- Church: Roman Catholic Church
- See: Diocese of Kalamazoo
- Installed: January 31, 1995
- Term ended: January 8, 1997
- Predecessor: Paul Vincent Donovan
- Successor: James Albert Murray
- Other posts: Auxiliary Bishop of Rockville Centre (1986-1995)

Orders
- Ordination: June 6, 1953 by Thomas Edmund Molloy
- Consecration: September 17, 1986 by John R. McGann

Personal details
- Born: May 17, 1928 Brooklyn, New York, US
- Died: January 8, 1997 Huntington, New York, US
- Motto: An instrument of your peace

= Alfred John Markiewicz =

American prelate

Alfred John Markiewicz (May 17, 1928 - January 9, 1997) was an American prelate of the Catholic Church who served as bishop of the Diocese of Kalamazoo in Michigan, from 1994 to 1997. He previously served as an auxiliary bishop of the Diocese of Rockville Centre in New York from 1986 to 1995.

==Biography==

=== Early life ===
Alfred Markiewicz was born on May 17, 1928, in Brooklyn, New York. He was ordained to the priesthood at St. James Pro-Cathedral in Brooklyn by Archbishop Thomas Edmund Molloy on June 6, 1953, for the Diocese of Brooklyn. Markiewicz was incardinated, or transferred, to the Diocese of Rockville Centre on April 6, 1957.
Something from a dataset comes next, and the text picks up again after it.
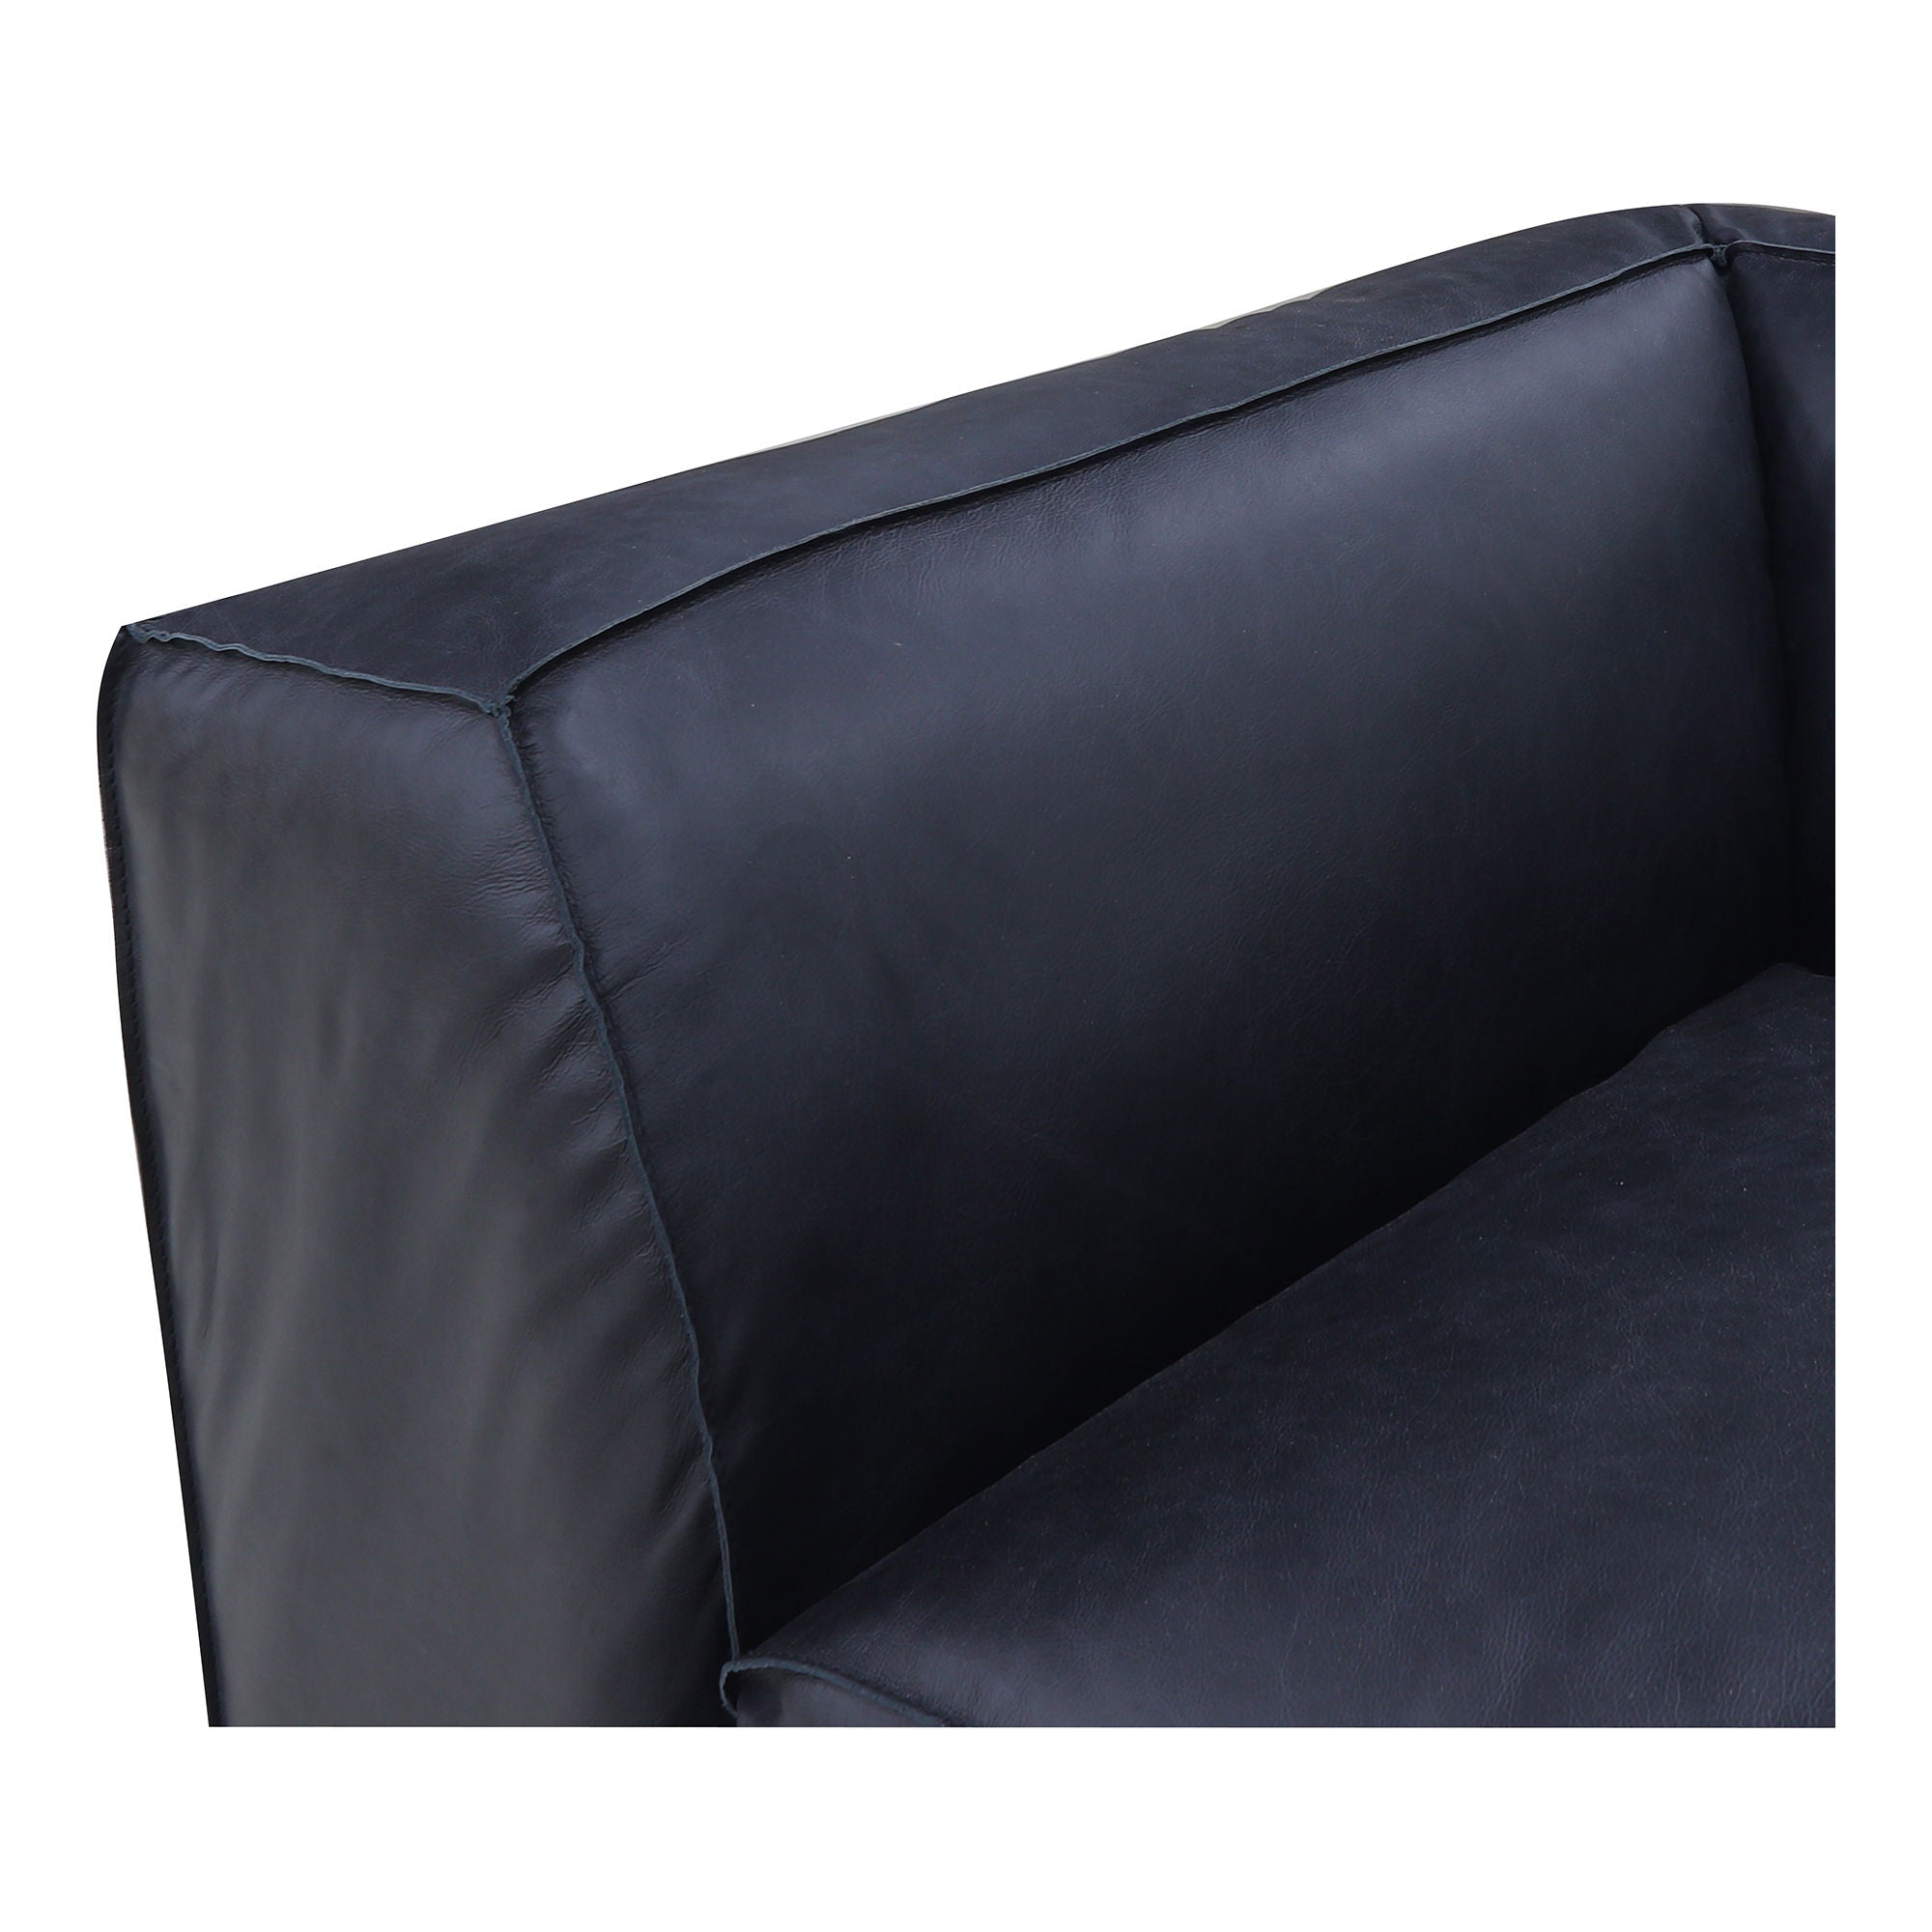 Form - Dream Modular Sectional Vantage Leather - Black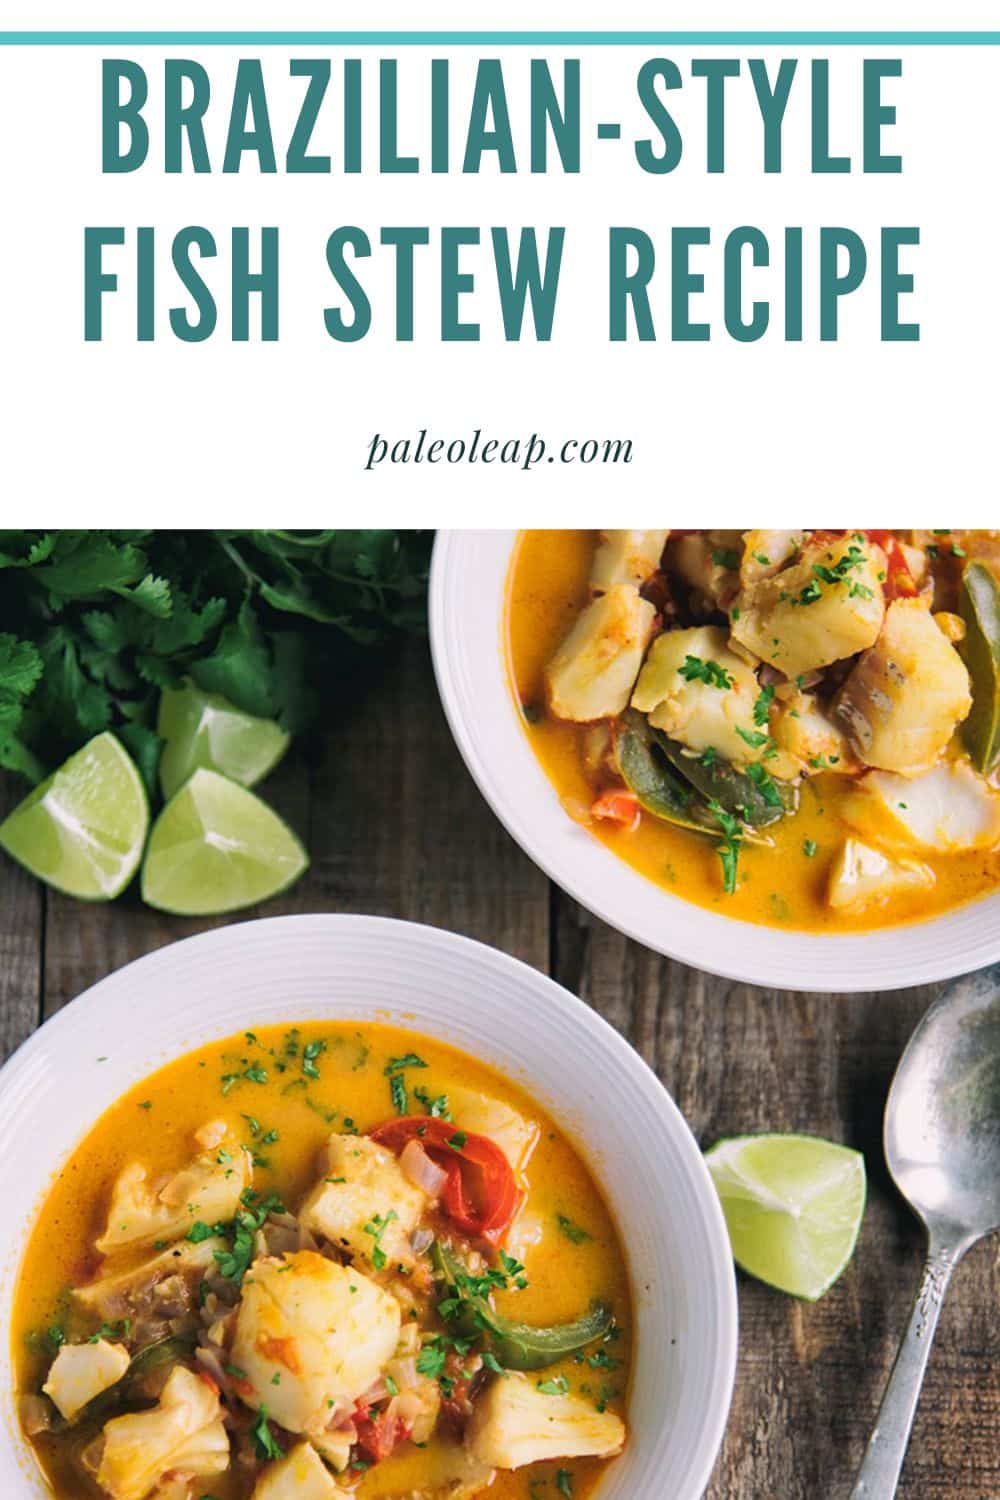 Brazilian-Style Fish Stew Recipe | Paleo Leap

=== Auxiliary Bishop of Rockville Centre ===
Pope John Paul II appointed Markiewicz as titular bishop of Afufenia and as an auxiliary bishop of Rockville Centre on July 1, 1986. He was consecrated at Saint Agnes Cathedral in Rockville Centre, New York, by Bishop John Raymond McGann on September 17, 1986.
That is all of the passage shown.